I completely agree with Ribbon, I rarely eat takeaway /ready meals so it's the one time I can treat myself without giving a fiddlers feck. Plus when my colleagues force us all to bake for charity events, I will happily buy a gorgeous cake because knowing the amount of butter and sugar that is required in a relatively simple sponge cake stresses me out and I would rather not know tbh.
The majority of takeaway staples are bought in bulk bags of frozen and then fried/microwaved/shoved in a pan to order. Anybody could do that - if they have access to the supermarkets catering to that particular ethnicity and have the distinctive seasonings, etc, already in the house.
Cook book chefs are trying to flog an illusion that the purchaser is 'better' in a some way than the person who doesn't want to start deep frying chicken on a Friday night - or to entertain the person who sees a meal as a specific experience to shop for, prepare and cook, rather than a case of 'what's in the fridge? Hmm, that cauli looks a bit sad and there are a couple of potatoes going wrinkly. Potato and cauliflower curry it is, then'.
I am a good cook and can do the majority of takeaway meals easily - but there is no substitute for chip shop chips and just because I can cook these things doesn't mean that I have to do it all the fucking time. So DP gets sent out twice a month for takeaway.
You know what word I cannot bloody stand? ‘Fakeaway’
My favourite TV cooking series was Ching's Chinese Food in Minutes.
I always end up disappointed in take-aways, I feel guilty for spending so much and eating so many calories and fat.
I love some of the recipes from her book, once you have bought the basic spices in they last for ages and I'm happy the meals are tasty and healthier. I never deep fry so I do miss out on those things so ended up grabbing a sweet and sour pork recently.
I also love the book that teaches you how to make take-away Indian curries.
Having said that, nothing is going to get me to attempt my favourite Shish Shalshik kebab, it would cost a fortune to buy the lamb and I'd never be able to chargrill it like they do in the take away.
I love Ching too. But making Chinese food, or Indian food, or whatever, isn't a valid substitute for a takeaway. It's just making Chinese food or Indian food at home- which Chinese and Indian people do without pretending it's the same as a takeaway! I'm not knocking cooking these things yourself (I make a damn good curry as it happens) but the point of takeaways is NOT cooking.
I've never seen a chef say "Here's how to make a roast! After you've done it my way, I guarantee you'll never go to a carvery again!" - I rather suspect because most of these people have restaurants and don't want to discourage eating out. But it's every bit as daft.

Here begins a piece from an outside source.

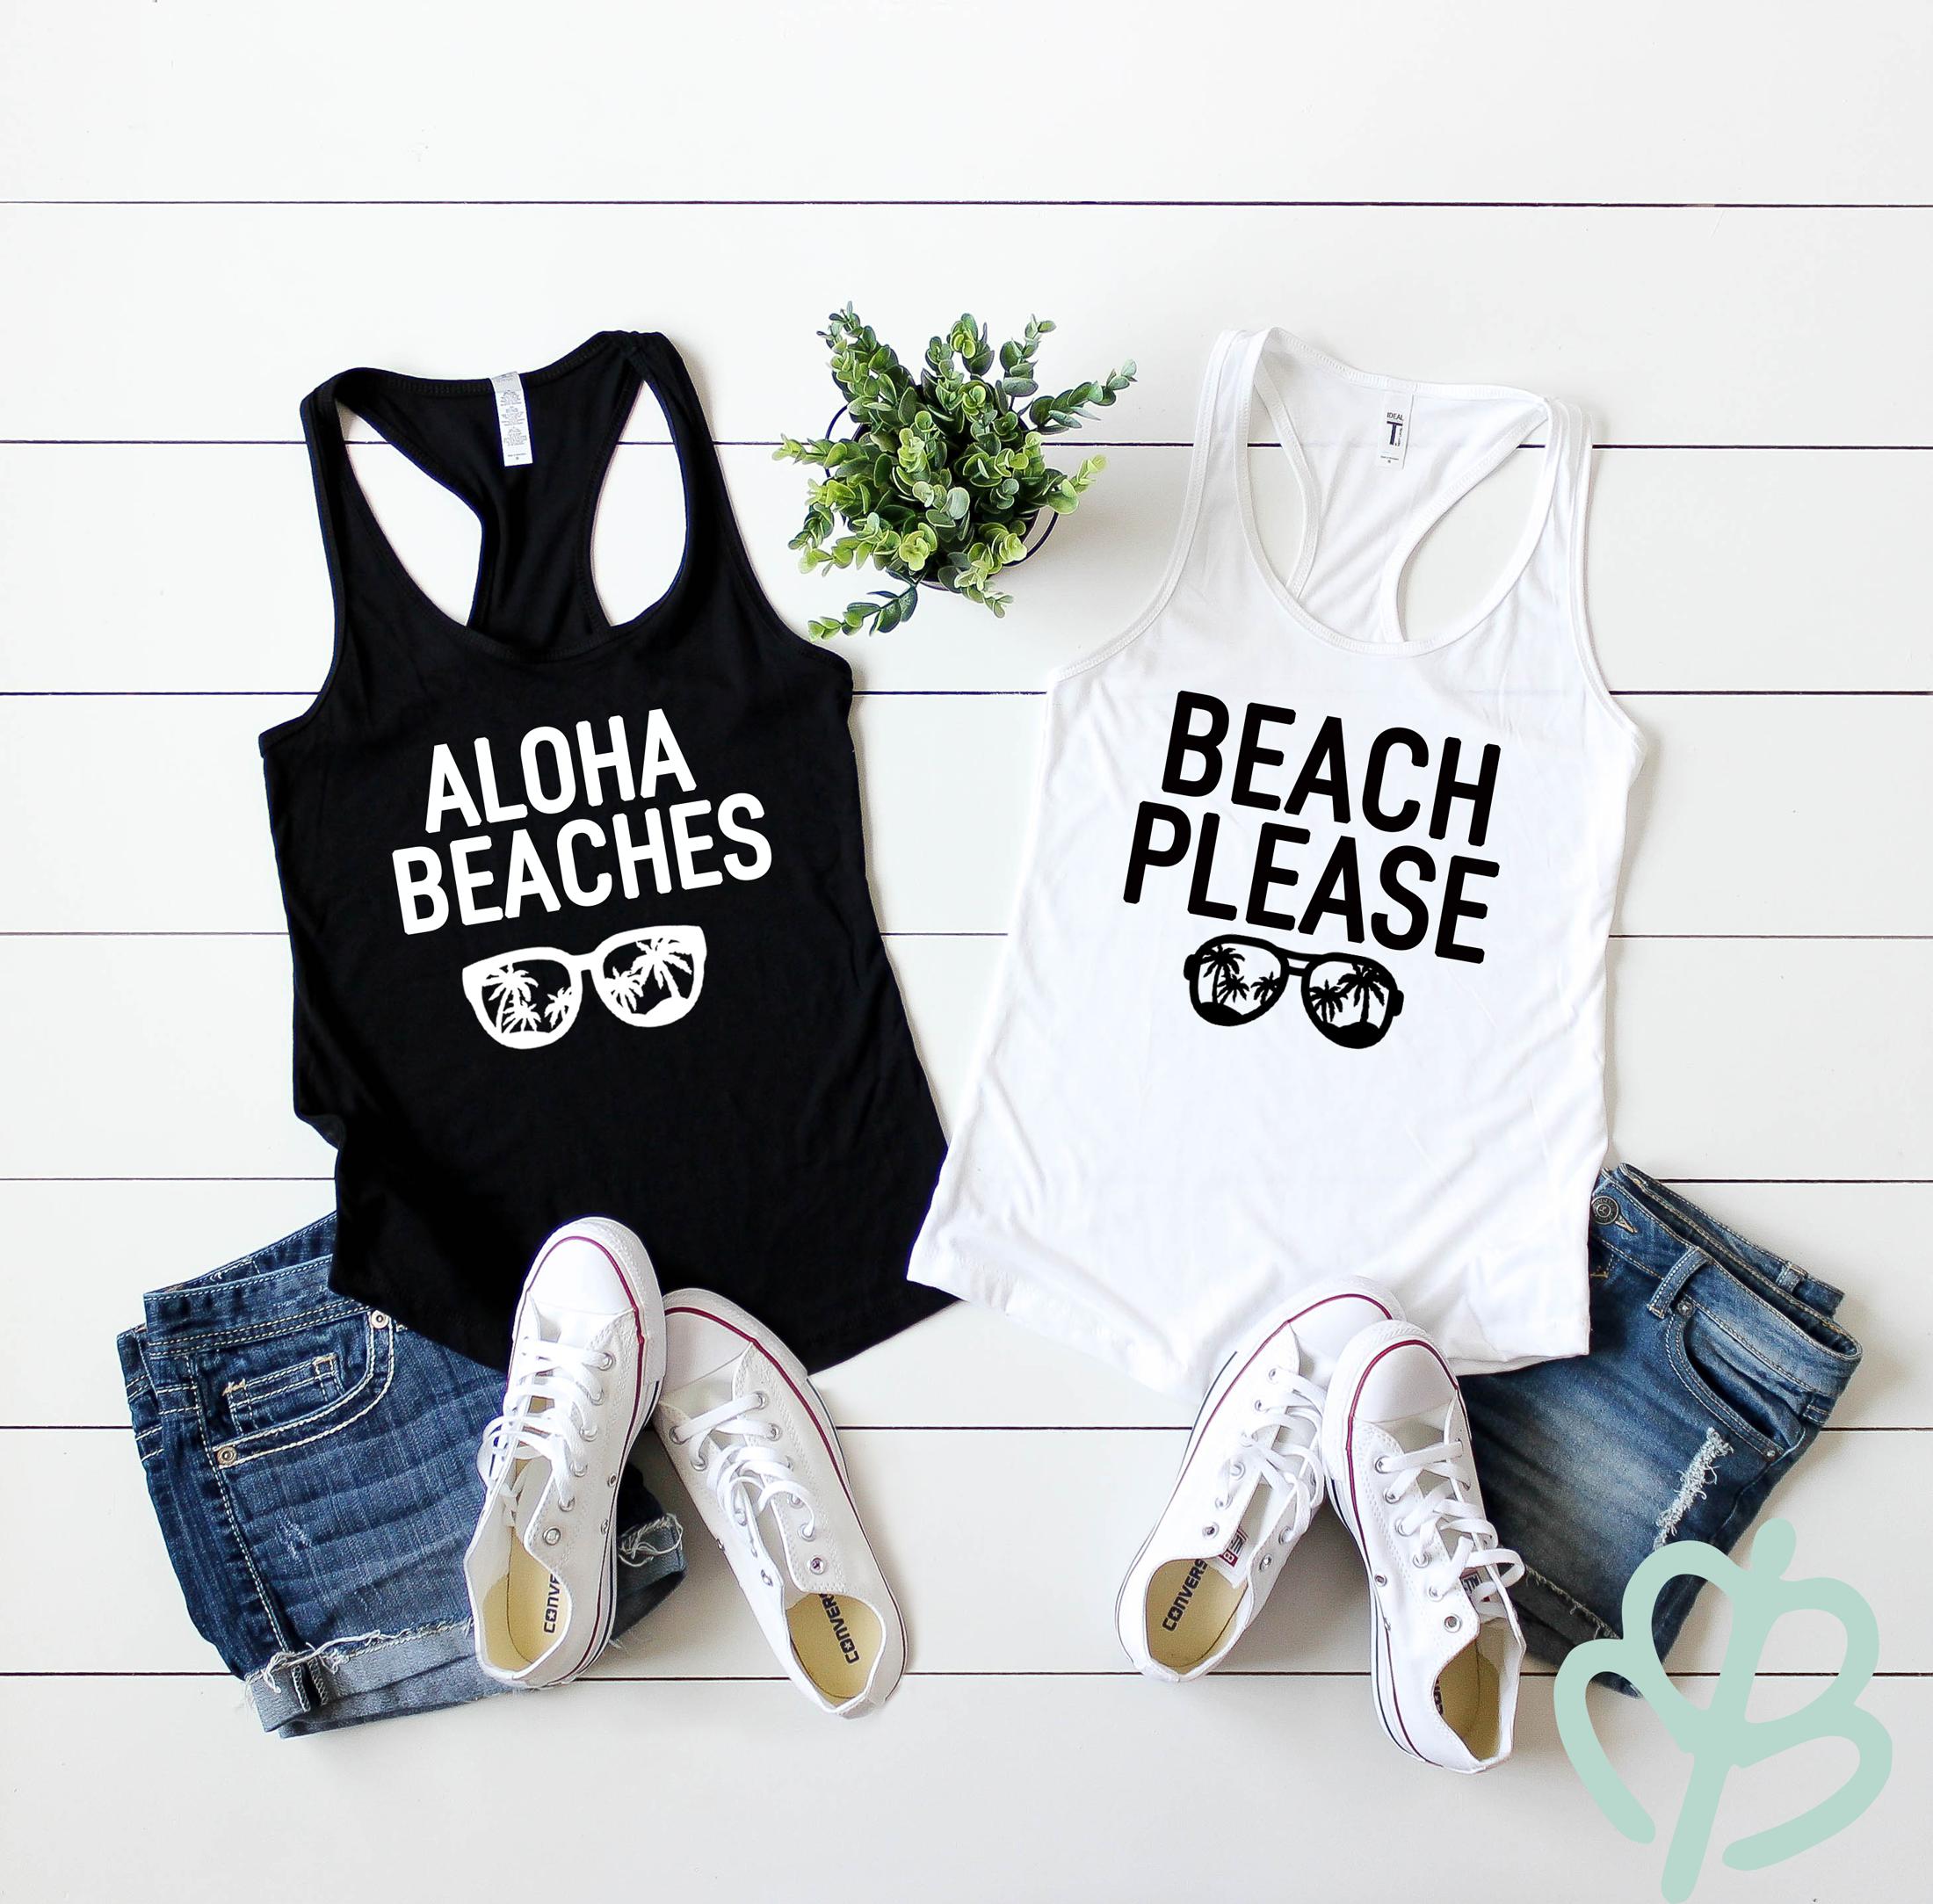 Aloha-beaches,-beach-please--black-and-w

Why pick up a takeaway on your way home from a trip away and you know you've got nothing in the fridge when you could easily pop to the local butcher and grocers to select some locally sourced seasonal produce and then whip up a delicious, nutrious meal which happens to share the same name and general idea as the take away?
I can sort of see the point for the people who have never tried cooking and are living off takeaways because they don't believe they can do it but that's not why I do takeaways.

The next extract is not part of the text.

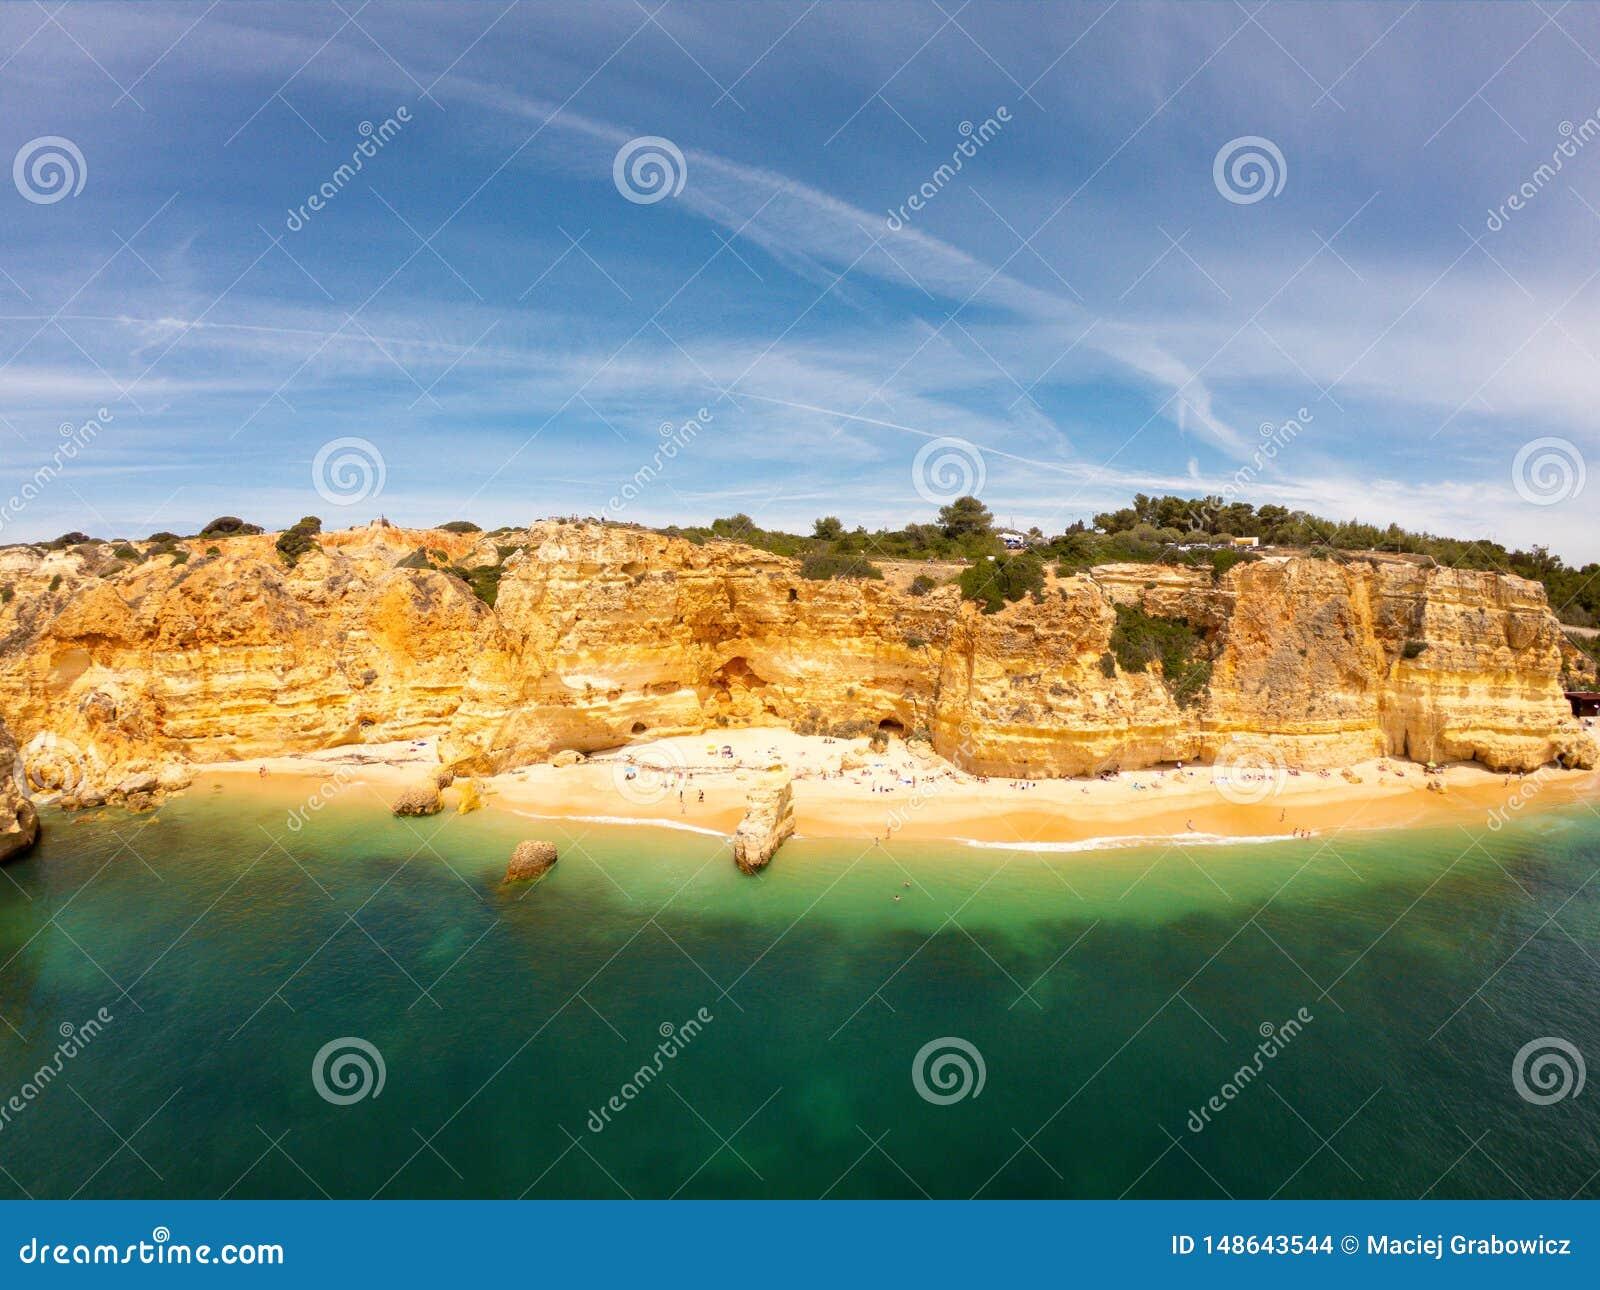 Praia DE Marinha Most mooi strand in Lagoa, Algarve Portugal Satellietbeeld op klippen en kust van de Atlantische Oceaan

I have this idea that rather than taking people from one extreme to the other they ought to slowly work down a scale. Replace takeaways/meals out with ready meals. Replace ready meals with jar of sauce/spice blends/pre prepared stuff. Then replace that with from scratch. (and then own butchery/animal husbandry).

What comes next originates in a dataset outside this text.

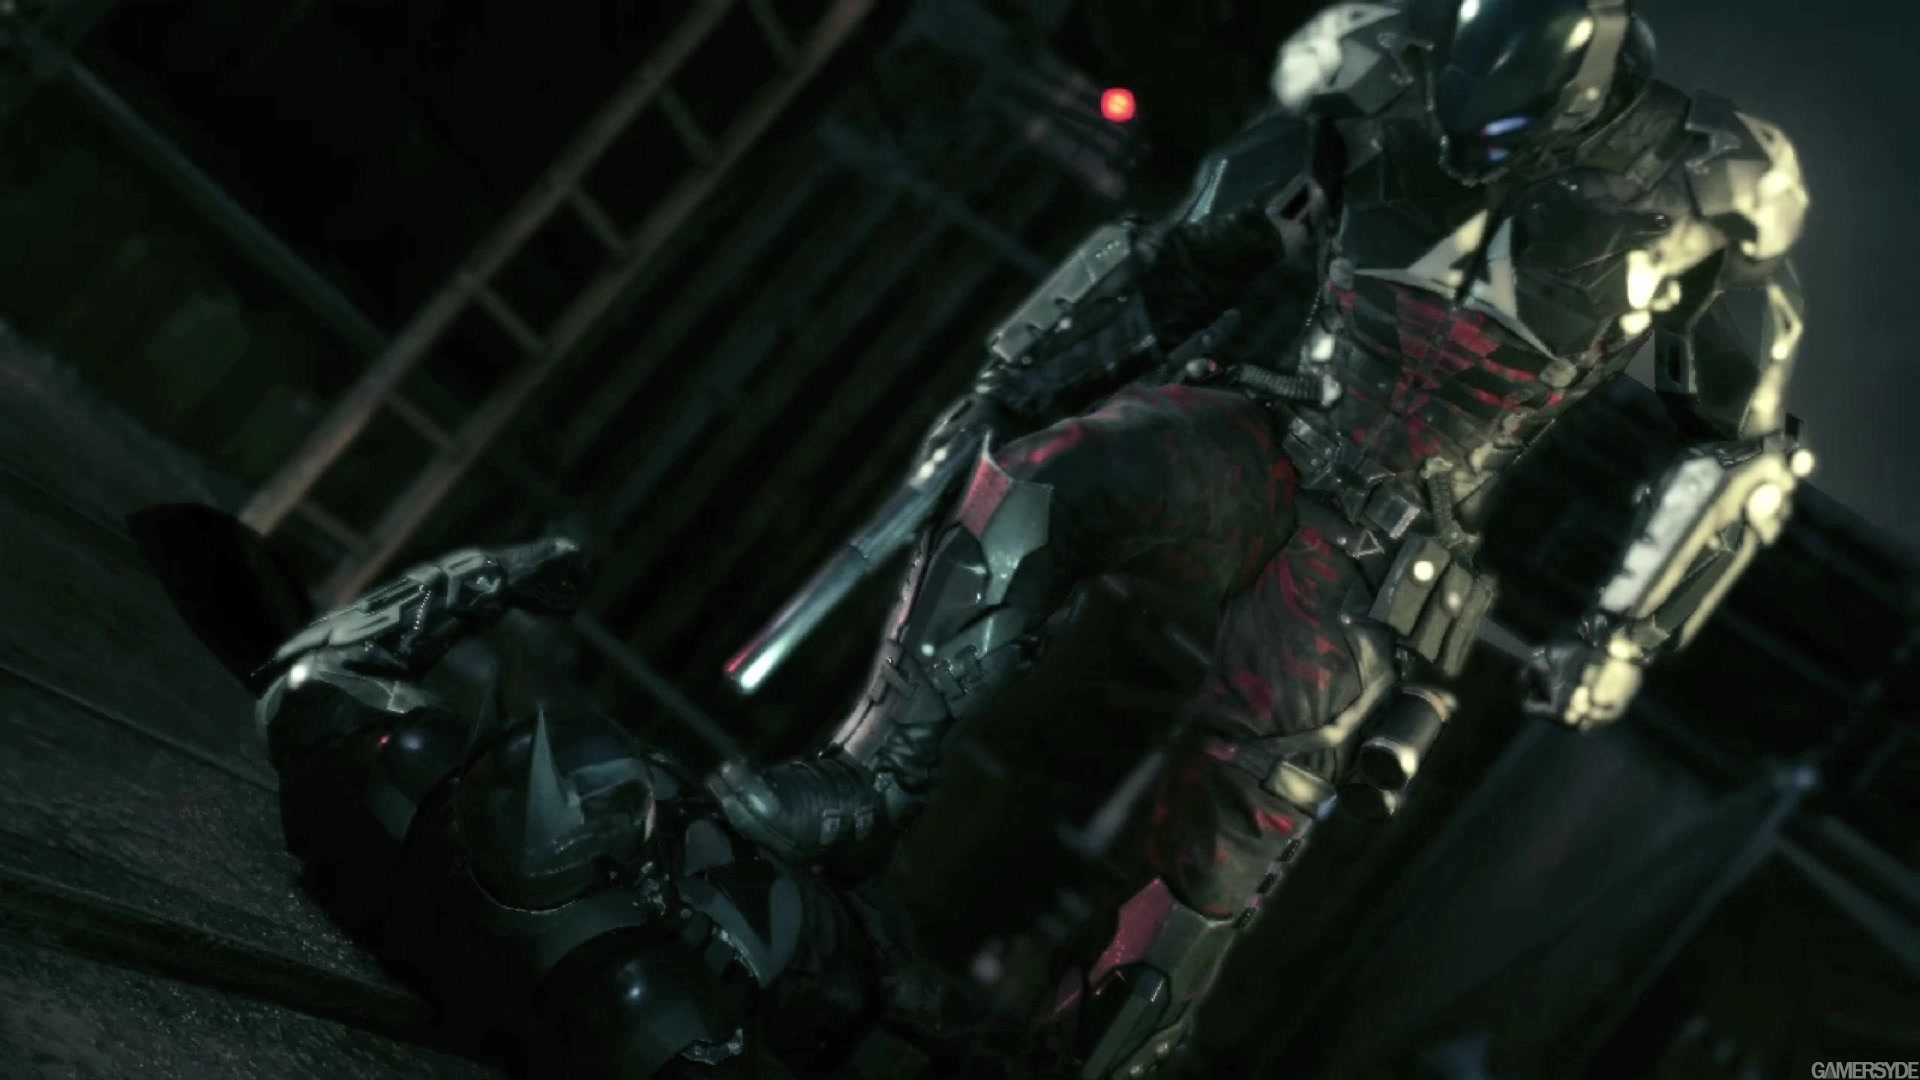 image batman arkham knight 25050 2899 0015 اولین تریلر گیم پلی Batman : Arkham Knight منتشر شد : حماسه ی نهایی

'Why pick up a takeaway on your way home from a trip away and you know you've got nothing in the fridge when you could easily pop to the local butcher and grocers to select some locally sourced seasonal produce and then whip up a delicious, nutrious meal which happens to share the same name and general idea as the take away?'
Is this a joke? I genuinely can't tell
We have some good restaurants that quietly sell dishes on their menu as a takeaway. I have bought those and enjoyed them. Having said that I would rather eat a nice lunch and then have a snack at suppertime. There are a lot of specials at lunch time in many eateries two courses for reasonable prices.